SUPPLIED MATERIAL ->

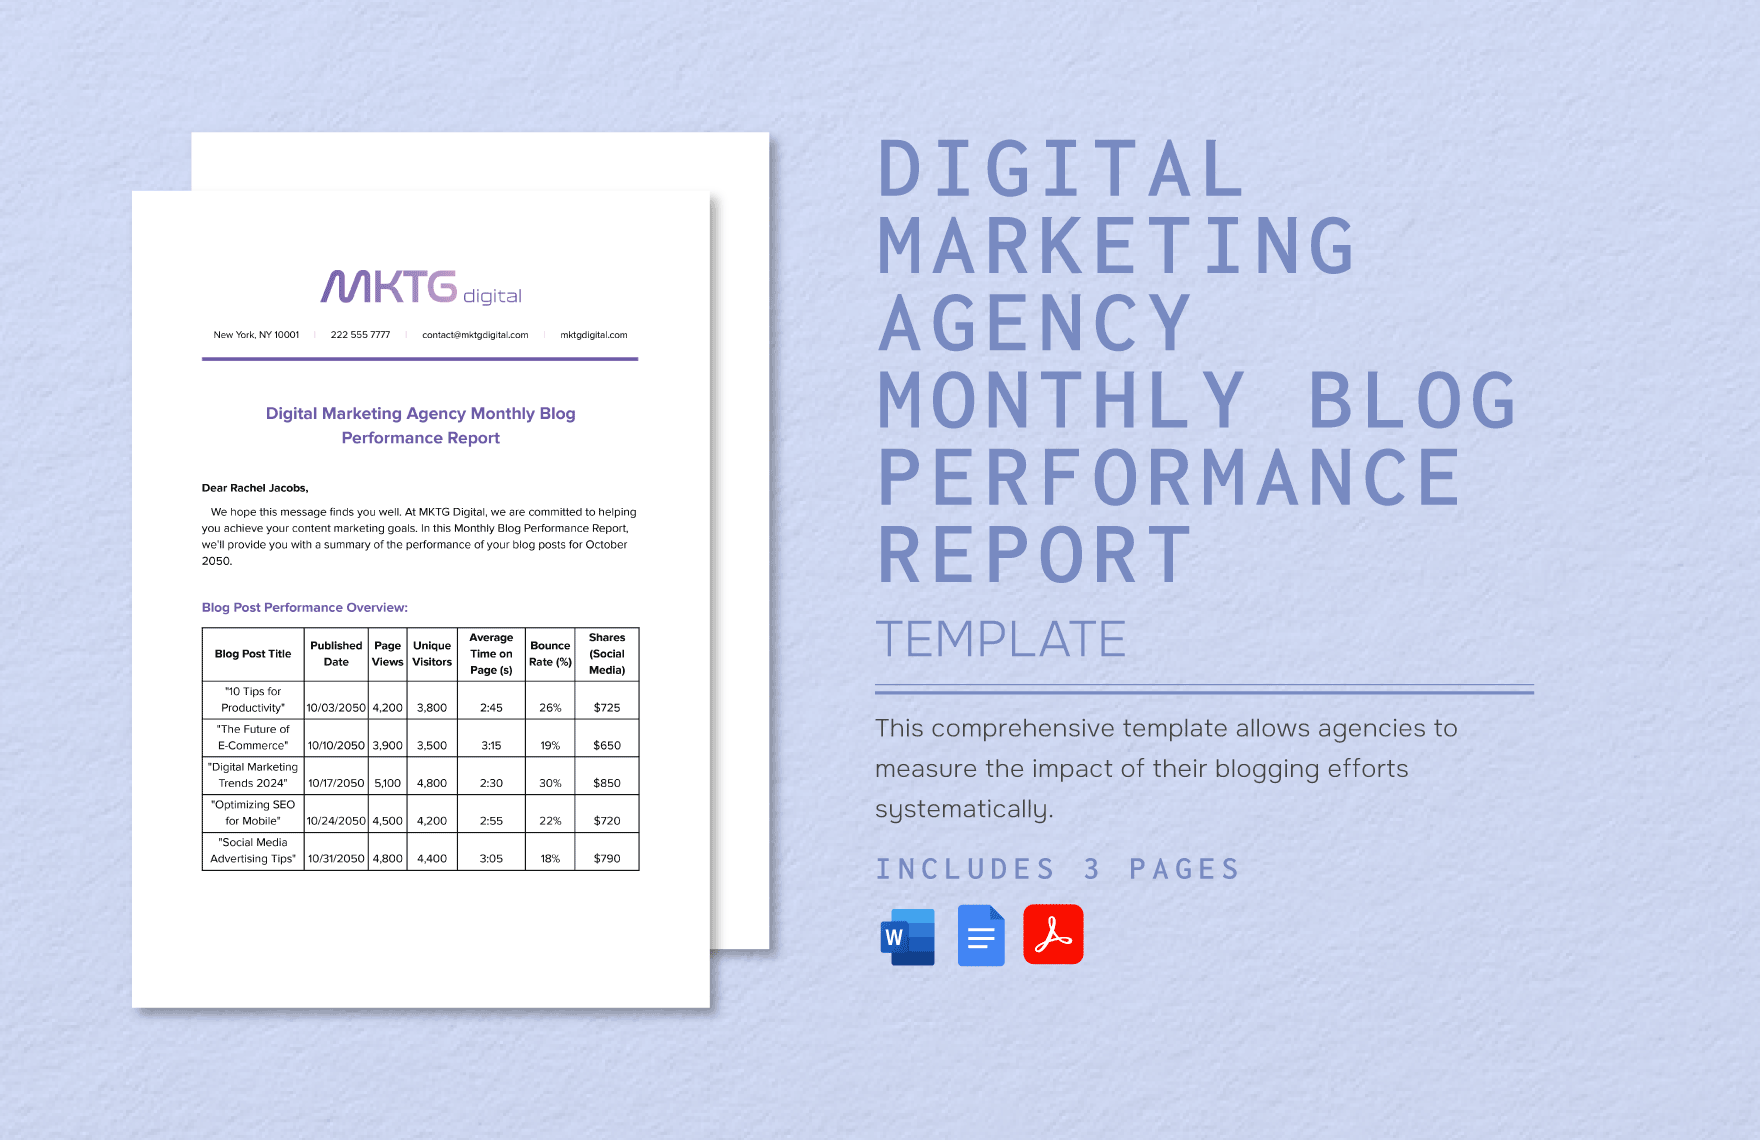 Digital Marketing Agency Monthly Blog Performance Report Template
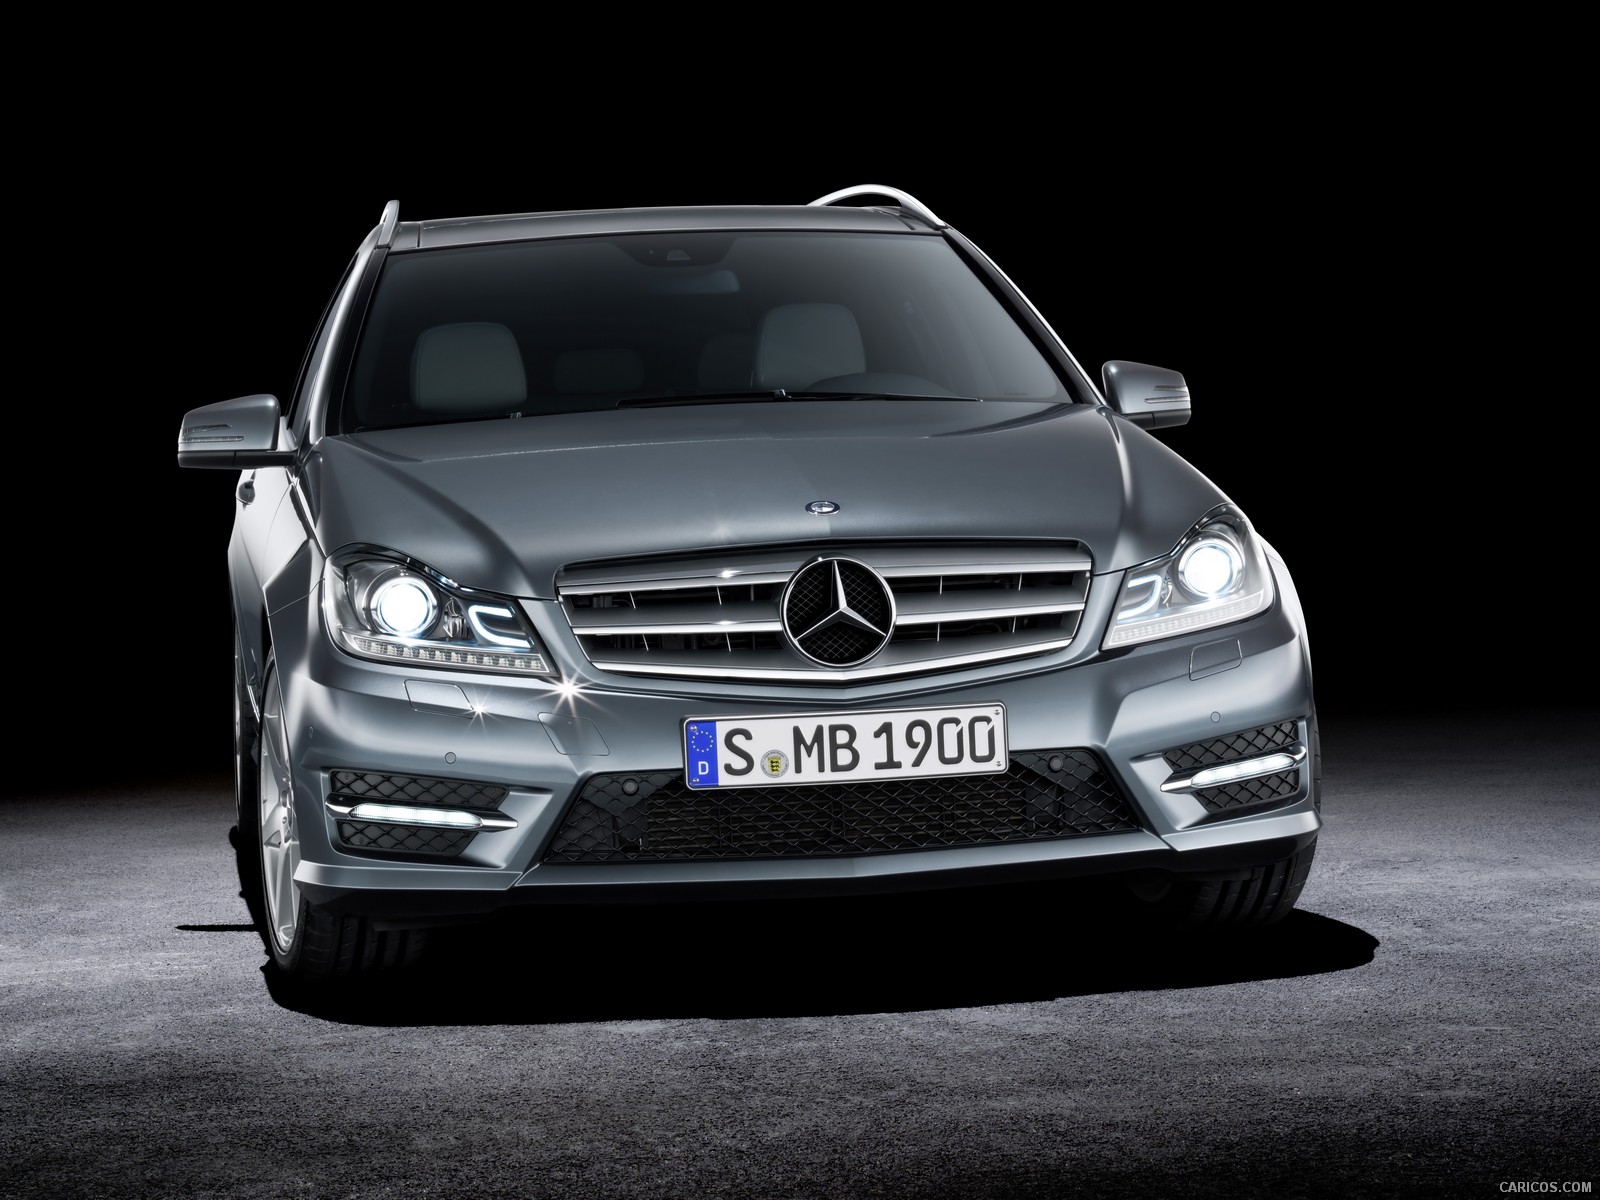 Mercedes-Benz C-Class Estate (2012)  - Front Angle , #33 of 36
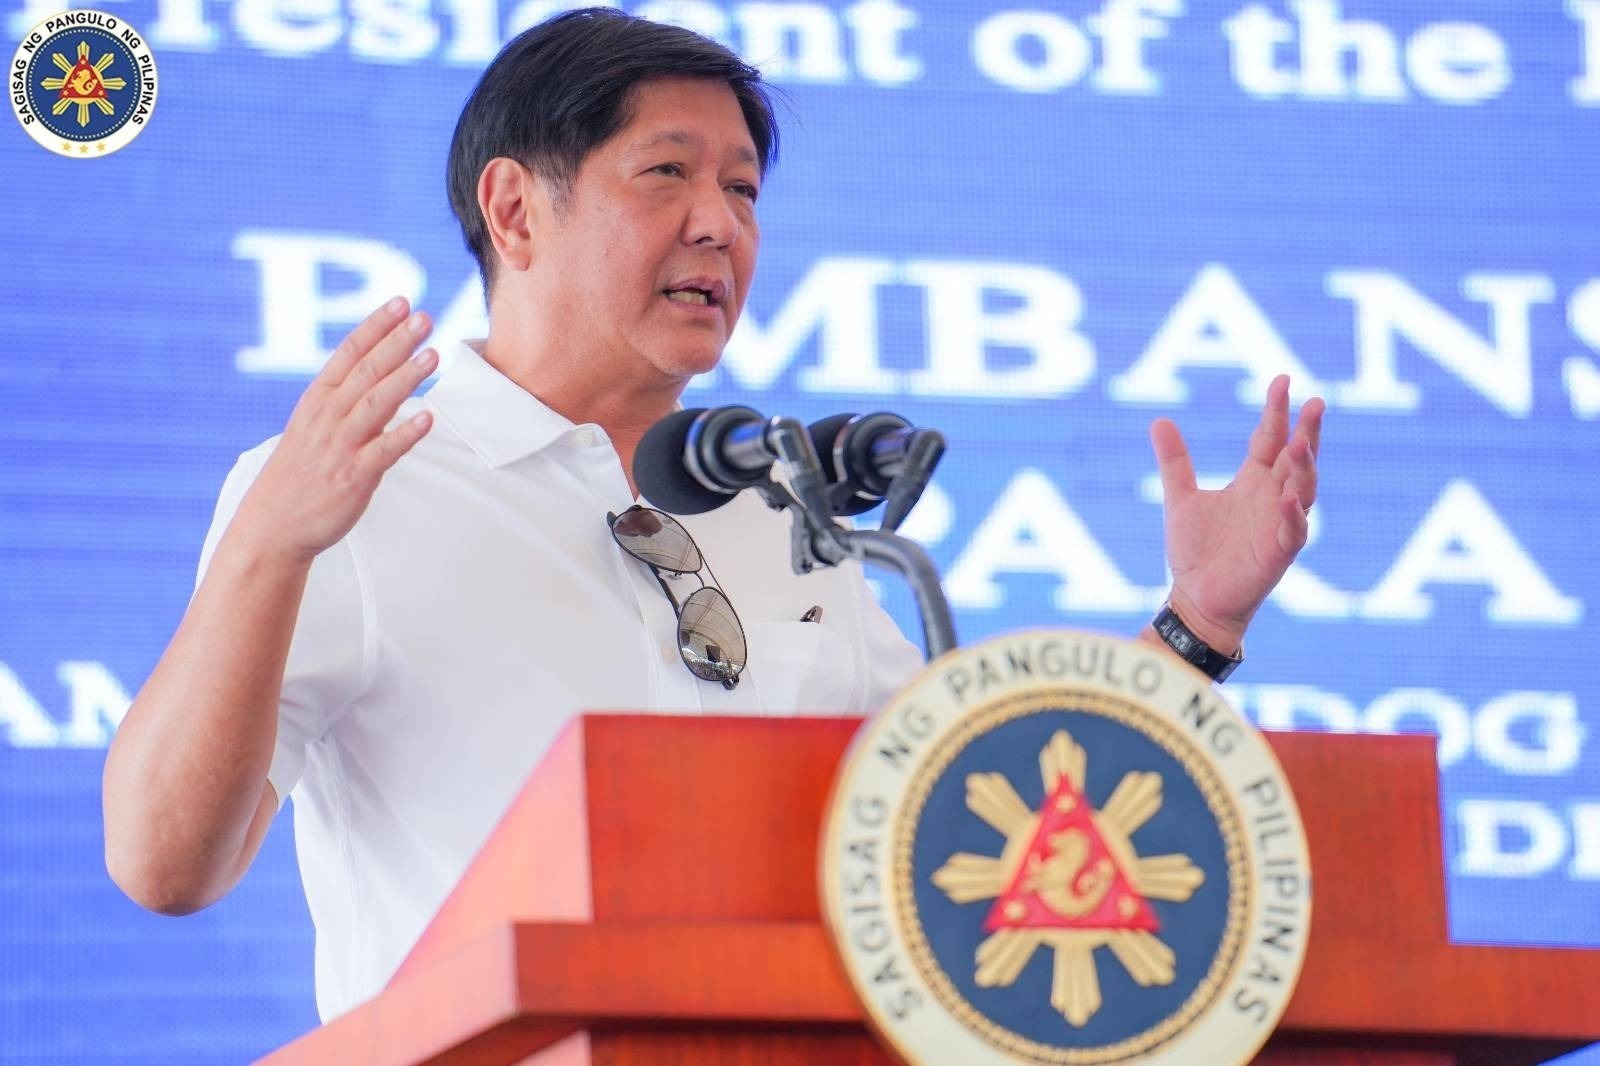 MARCOS VOWS TO EXPAND INTERNET SERVICES TO REMOTE AREAS
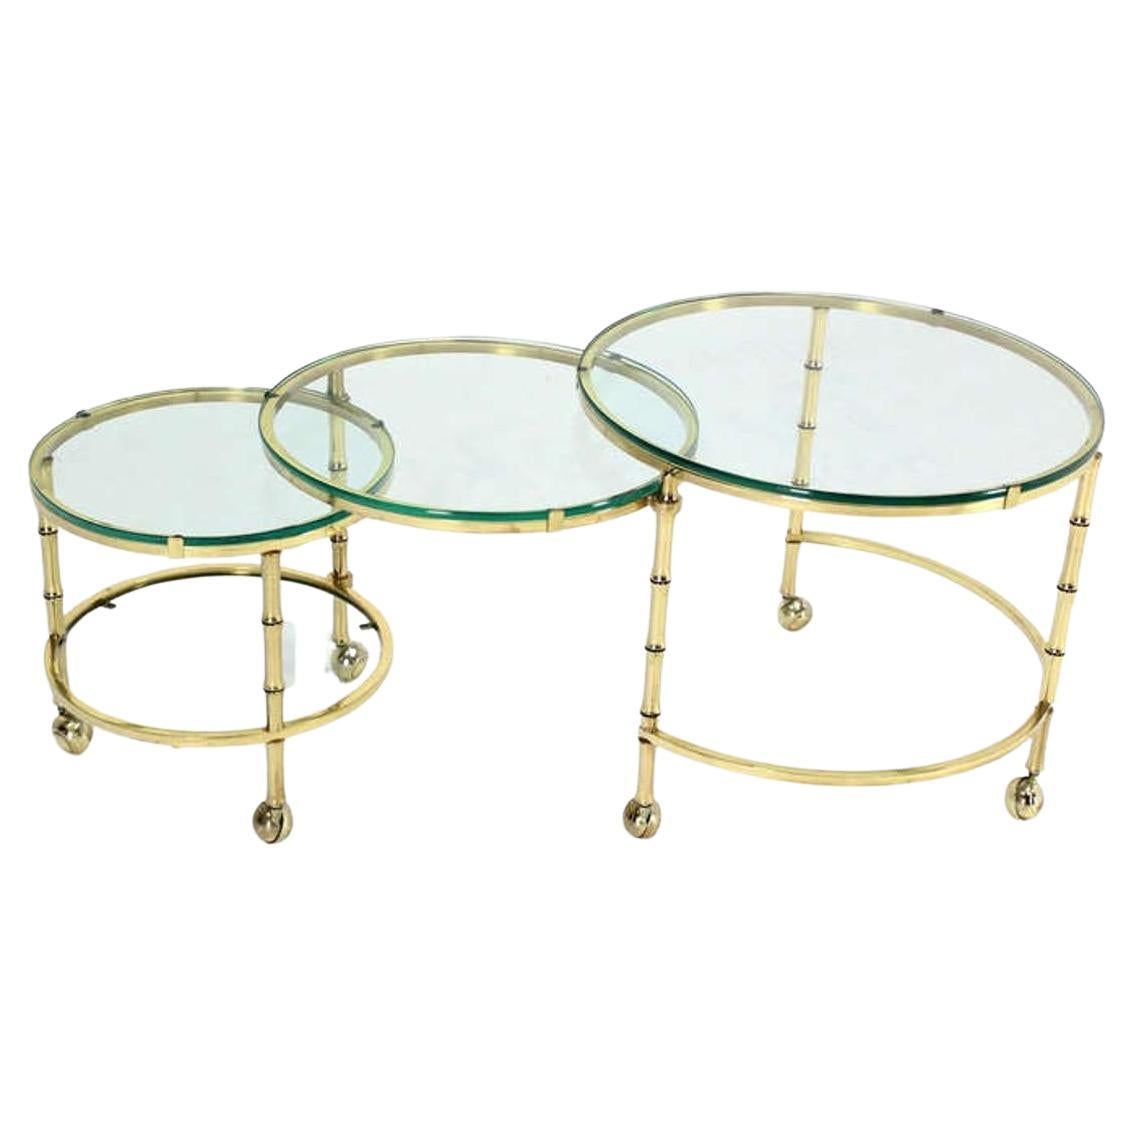 Heavy Solid Bronze Faux Bamboo Expansion Round Nesting Coffee Side Tables MINT! For Sale

DIRECTIONS -> Could you give the listing again exactly as it stands, minus any pictures?

SOLVED PROBLEM ->
 Digital Marketing Agency Monthly Blog Performance Report Template
 Mercedes-Benz C-Class Estate (2012)  - Front Angle , #33 of 36
 MARCOS VOWS TO EXPAND INTERNET SERVICES TO REMOTE AREAS
 Heavy Solid Bronze Faux Bamboo Expansion Round Nesting Coffee Side Tables MINT! For Sale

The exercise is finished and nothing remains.